Figure 6. Informative SNPs for haplotype surveillance.

Figure 6.

a, Each data point represents a single SNP. The information gain value for each SNP provides an indication of how informative the SNP is likely to be if used as part of a genetic assay for testing whether a mosquito carries a resistance haplotype, and if so, which haplotype group it belongs to. b, Number of SNPs required to accurately predict which group a resistance haplotype belongs to. Each data point represents a single decision tree. Decision trees were constructed using either the LD3 (left) or CART (right) algorithm for comparison. Accuracy was evaluated using 10-fold stratified cross-validation.

Methods

Code

All scripts and Jupyter Notebooks used to generate analyses, figures and tables are available from the GitHub repository https://github.com/malariagen/ag1000g-phase2-vgsc-report.

Data

We used variant calls and phased haplotype data from the Ag1000G Phase 2 AR1 data release (https://www.malariagen.net/data/ag1000g-phase-2-ar1). Variant calls from Ag1000G Phase 2 are also available from the European Nucleotide Archive (ENA; http://www.ebi.ac.uk/ena) under study PRJEB36277.

Data collection and processing

For detailed information on Ag1000G WGS sample collection, sequencing, variant calling, quality control and phasing, see [23, 22]. In brief, An. gambiae and An. coluzzii mosquitoes were collected from 33 sites in 13 countries across Sub-Saharan Africa: Angola, Bioko, Burkina Faso, Cameroon, Côte d’Ivoire, Gabon, The Gambia, Ghana, Guinea, Guinea Bissau, Kenya, Mayotte and Uganda. From Angola and Côte d’Ivoire just An. coluzzii were sampled, Burkina Faso, Ghana and Guinea had samples of both An. gambiae and An. coluzzii and all other populations consisted of purely An. gambiae, except for The Gambia, Guinea Bissau and Kenya where species status is uncertain [22]. Mosquitoes were individually whole genome sequenced on the Illumina HiSeq 2000 platform, generating 100bp paired-end reads. Sequence reads were aligned to the An. gambiae AgamP3 reference genome assembly [46]. Aligned bam files underwent improvement, before variants were called using GATK UnifiedGenotyper. Quality control included removal of samples with mean coverage <= 14x and filtering of variants with attributes that were correlated with Mendelian error in genetic crosses.
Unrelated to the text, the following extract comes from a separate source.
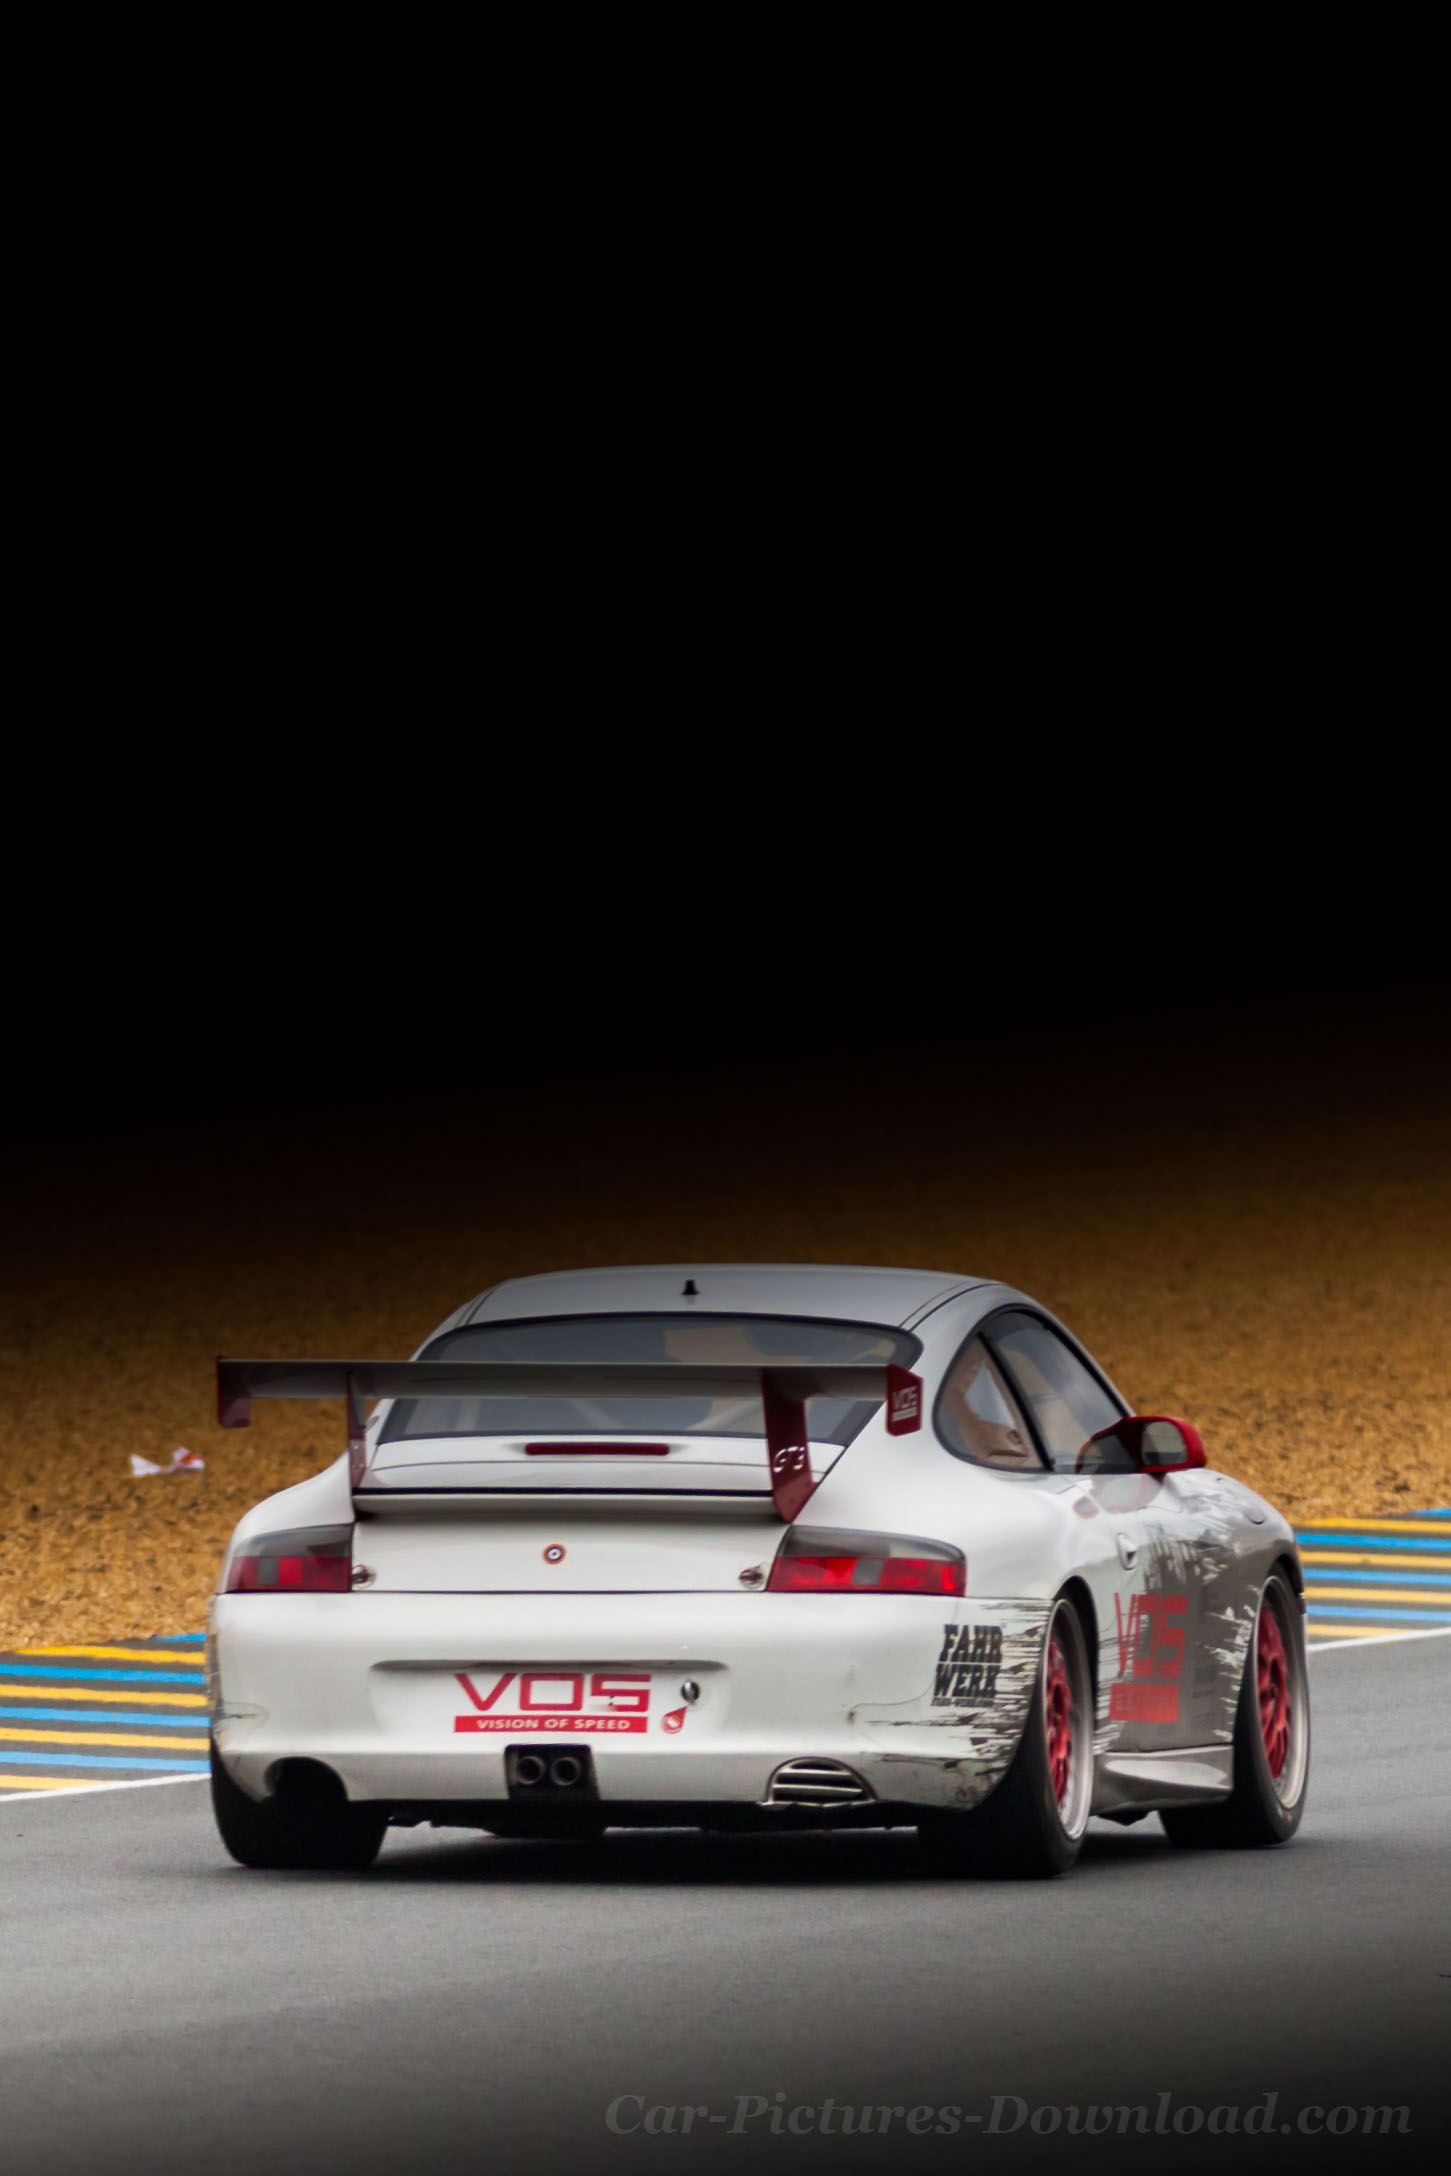 Porsche 911 Gt3 Wallpaper - Iphone 4 Gt3 Porsche - HD Wallpaper

The Ag1000G variant data was functionally annotated using the SnpEff v4.1b software [47]. Non-synonymous Vgsc variants were identified as all variants in AgamP4.12 transcript AGAP004707-RD with a SnpEff annotation of “missense”. The Vgsc gene is known to exhibit alternative splicing [6], however at the time of writing the An. gambiae gene annotations did not include the alternative transcripts reported by Davies et al. We wrote a Python script to check for the presence of variants that are synonymous according to transcript AGAP004707-RD but non-synonymous according to one of the other transcripts present in the gene annotations or in the set reported by Davies et al. Supplementary Table 1 includes the predicted effect for all SNPs that are non-synonymous in one or more of these transcripts. None of the variants that are non-synonymous in a transcript other than AGAP004707-RD were found to be above 5% frequency in any population.

For ease of comparison with previous work on Vgsc, pan Insecta, in Table 1 and Supplementary Table 1 we report codon numbering for both An. gambiae and Musca domestica (the species in which the gene was first discovered). The M. domestica Vgsc sequence (EMBL accession X96668 [10]) was aligned with the An. gambiae AGAP004707-RD sequence (AgamP4.12 gene-set) using the Mega v7 software package [48]. A map of equivalent codon numbers between the two species for the entire gene can be download from the MalariaGEN website (https://www.malariagen.net/sites/default/files/content/blogs/domestica_gambiae_map.txt).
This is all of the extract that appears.